Hello,
I’m trying to develop a kernel driver to add a 3 or 4 SDT entry. All books or blog posts that I read about this topic describe the SDT like this:
I’m using the the function “KeAddSystemServiceTable”:
KeAddSystemServiceTable (
IN PULONG_PTR Base,
IN PULONG Count [OPTIONAL],
IN ULONG Limit,
IN PULONG Arguments,
IN ULONG Index)
I did not manage to add another entry. So I looked at the function in windbg and saw that it is no more capable to add additional SDT entries in Windows 7.
Is this correct and does the SDT still has 4 fields?
Is the a another finction to add SDT entries?
I’m still quite new in this area, can anyone give me a hint how i can revers the SDT struct (not how i revers a struct just e.g. which function i shoud look at)?
Support for multiple System Service Tables has changed, been added and removed, across versions of Windows since the initial release of Windows NT. In all that time, it’s never been documented.
OK, let me help: What is the overall goal you are trying to reach? What problem are you trying to solve. Adding your own System Service Table is unlikely to be the correct answer to ANYTHING you want to be doing. Seriously.
Let us help you do whatever it is you need to do the RIGHT way instead.
Hi,
I understand. I’m a student so my overall goal is education.

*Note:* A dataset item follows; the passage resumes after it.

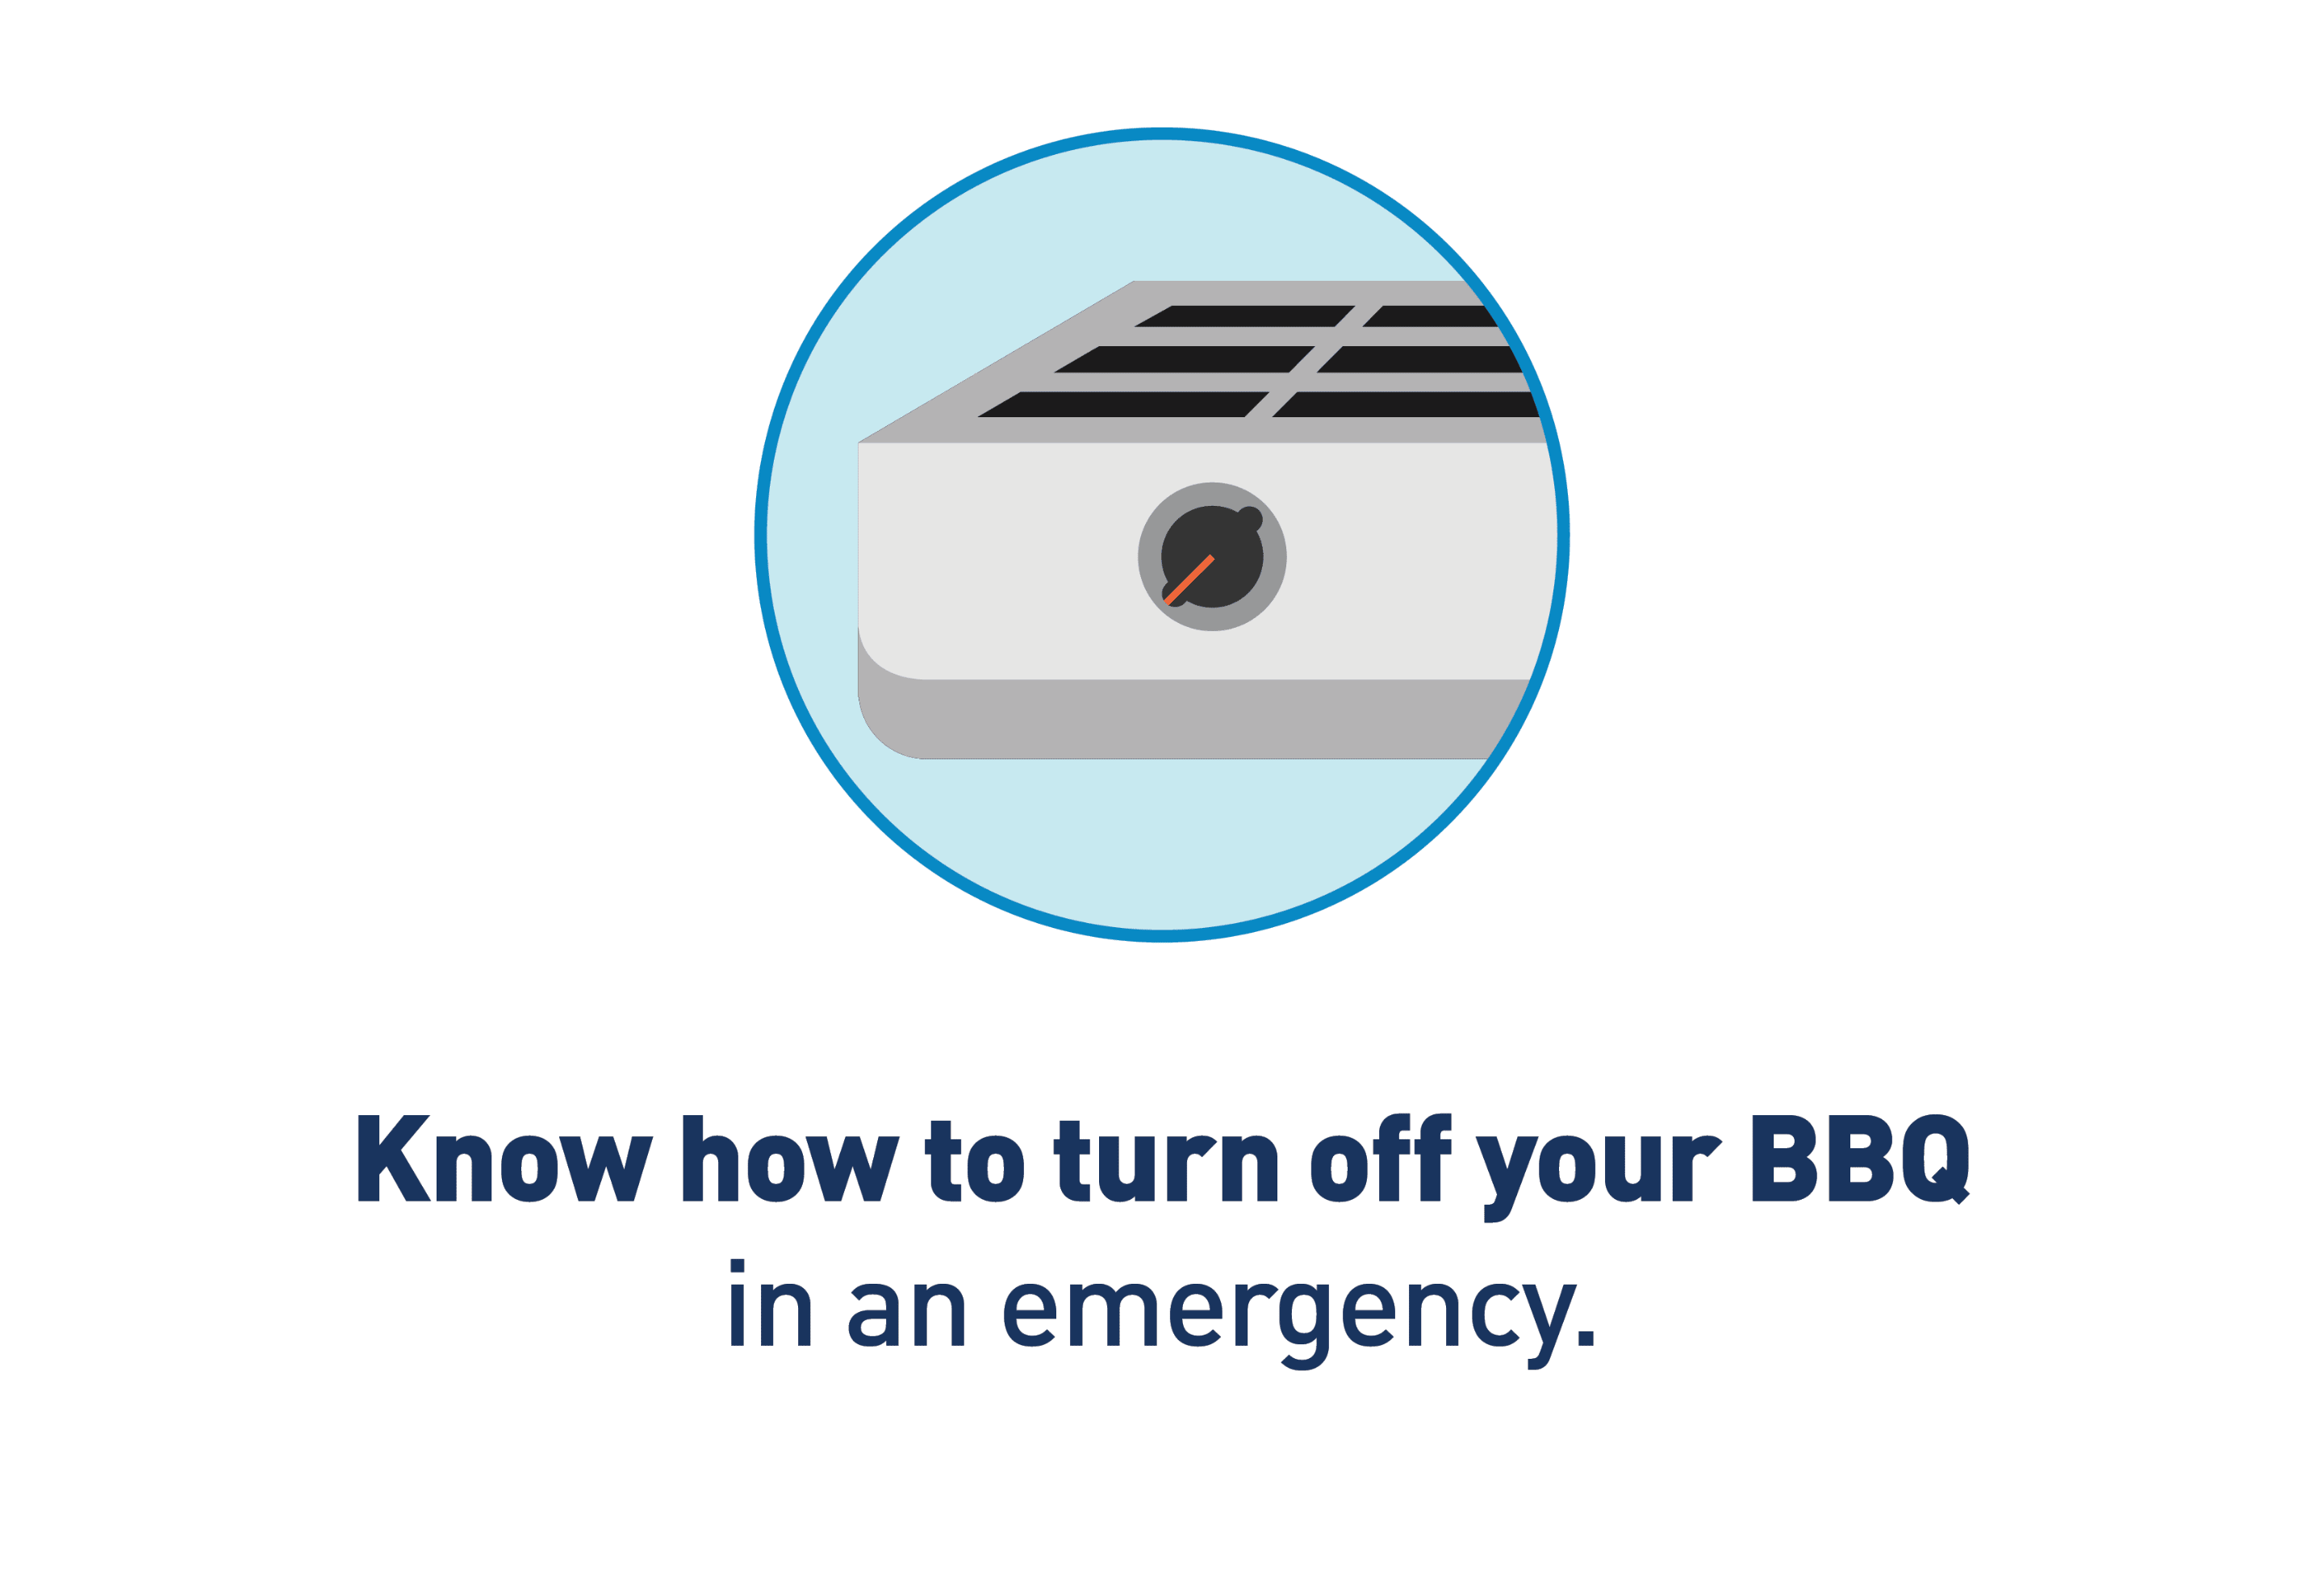 Image Description: Graphic of barbecue on/off switch. Text: Know how to turn off your BBQ in an emergency.

I have already noted that nearly everything I’m currently interested in is not documented and when I run my research the answers are mostly outdated. What leads me to the point. That I have to acquire the ability to work out these things by my own. So what I’m doing. I develop drivers which make small changes to the system too understand how things work.
So the overall problem I’m trying to solve is, close the gap between what I know and what is currently there. Currently I look at the system call mechanism (specifically SSDT, SDT etc.). In this context, I have hooked some service routines in the SSDT or added some service routines to the SSDT and ntdll etc… So in terms of driver development there is no concrete goal. it’s all about education and improving skills.
It is not only about adding something to SDT. Its more to understand why I can not add something to SDT and how I can answer this question by myself in future.
The syscall is just some assembler prolog/epilog code, calling the SSDT entry. The prolog sets up the kernel stack and things like EBP, the epilog deals with exception/APC handling (“exception handling done” and “APC done” paths).
It is not only about adding something to SDT. Its more to understand why I can not add something to
SDT and how I can answer this question by myself in future.
Because MS has implemented special counter-measures in the kernel to prevent this, which are especially evolved in Win10 and future Srv2016.
I *wish* you had started your question with this statement. Then I would have known not to bother answering you. I *personally* view the point of this list as helping practicing system software developers, not providing students with a shortcut to completing their homework assignments. Not everyone here agrees with my view, and hence… we get student questions quite a bit.
But be that as it may…
[quote]
Its more to understand why I can
not add something to SDT and how I can answer this question by myself in future.
[quote]
When NT was first written the ability to add system services was one of the two ways that third parties could extend the operating system. The other way was via the interface provided by the I/O Manager (that is, by writing a driver).
You can’t add an additional system service descriptor table because the code in Windows prohibits it. It’s basically an outdated feature. It was a feature that was created in a “more naive time”… before security was a major concern (believe it or not, there WAS such a time)… to facilitate some specific features of (then) Windows NT. Those issues were how to dynamically add OS Emulation Subsystems without changing the underlying Executive/Kernel/HAL.
I’m not going to lock this thread (yet), in case anybody else wishes to share some wisdom.